Zion Crossroads is an unincorporated community in Louisa and Fluvanna counties of Virginia, United States. It is at the intersections of James Madison Highway (U.S. Route 15) and Three Notch Road (U.S. Route 250). Interstate 64 passes one-half mile to the northeast.

== History ==
When the U.S. Highway System was created in 1928, U.S. Route 250 was originally routed from West Virginia to Ohio. In 1934, the route was expanded southward and eastward to Richmond from West Virginia. The name "Zion Crossroads" was probably created from the nearby Zion United Methodist Church when the new U.S. Route 250 crossed U.S. Route 15 in the 1930s.
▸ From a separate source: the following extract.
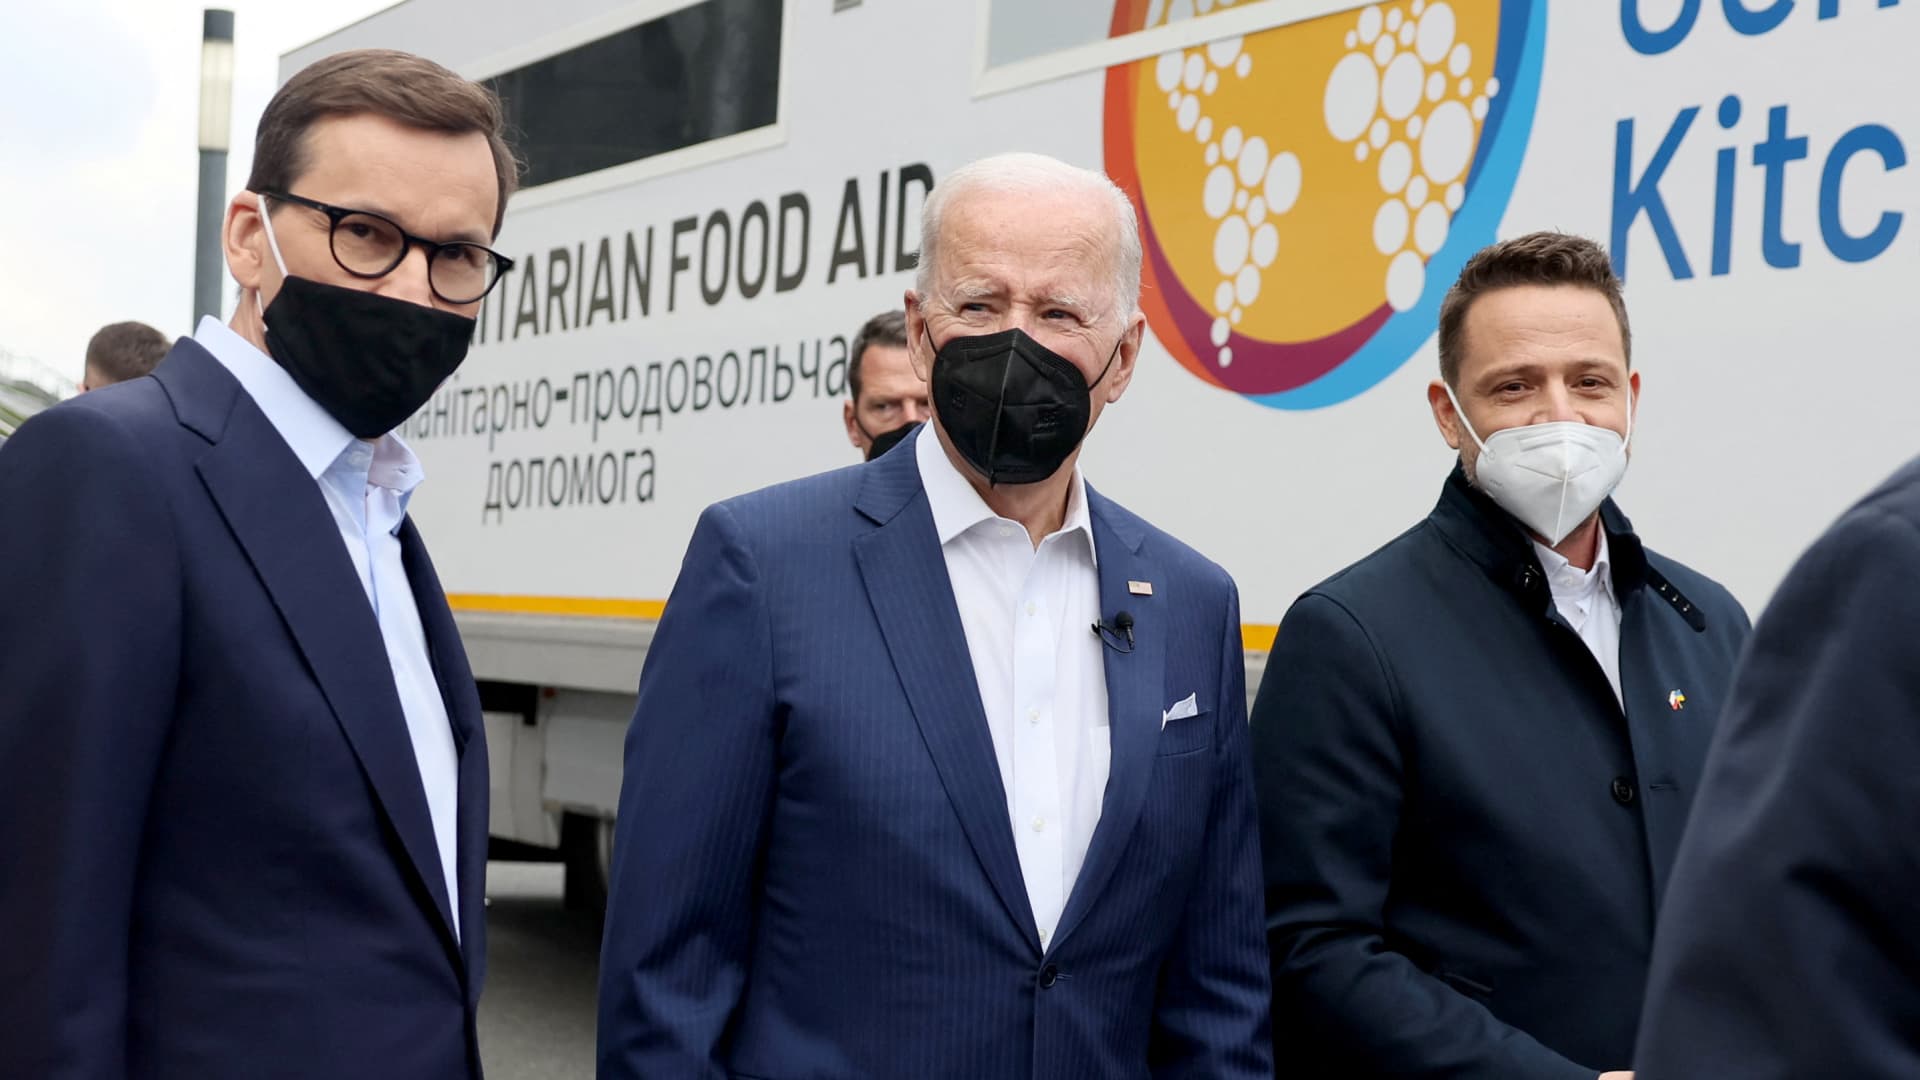 President Joe Biden, flanked by Mayor of Warsaw Rafal Trzaskowski and Polish Prime Minister Mateusz Morawiecki, visits Ukrainian refugees at PGE National Stadium, in Warsaw, Poland March 26, 2022.

Zion Cross Roads was a sleepy little intersection of U.S. Route 15 and U.S. Route 250 with a motel, gas station, restaurant, and grocery store until Interstate 64 opened in the early 1970s. The interstate led to further development, and by 2000 developer Charles D. Kincannon proposed to build 1200 homes and a golf course to accompany the gas stations, convenience stores and fast food eateries. The problem was lack of water, although a Kincannon affiliated company bought about 140 acres at Green Springs National Historic Landmark District about 3 miles away and began pumping water to the new development. Louisa County, Virginia made huge improvements to the infrastructure and the area developed in the early 2000s into a major retail and business center to include the Walmart Distribution Center, hotels, restaurants, and the Spring Creek Golf Community development. A major improvement to the traffic flow of the area was made when a Diverging diamond interchange was completed by the Virginia Department of Transportation in 2014.

The Fluvanna County water tower just south of the county line had the 10th best water tower art from a poll by Tnemec in 2020. The art has also become Fluvanna County's new county logo.

== Landmarks ==
About 2 1/2 miles north is Green Springs National Historic Landmark District, a U.S. National Historic Landmark. The Fluvanna County Seat of Palmyra is 8 mi to the south.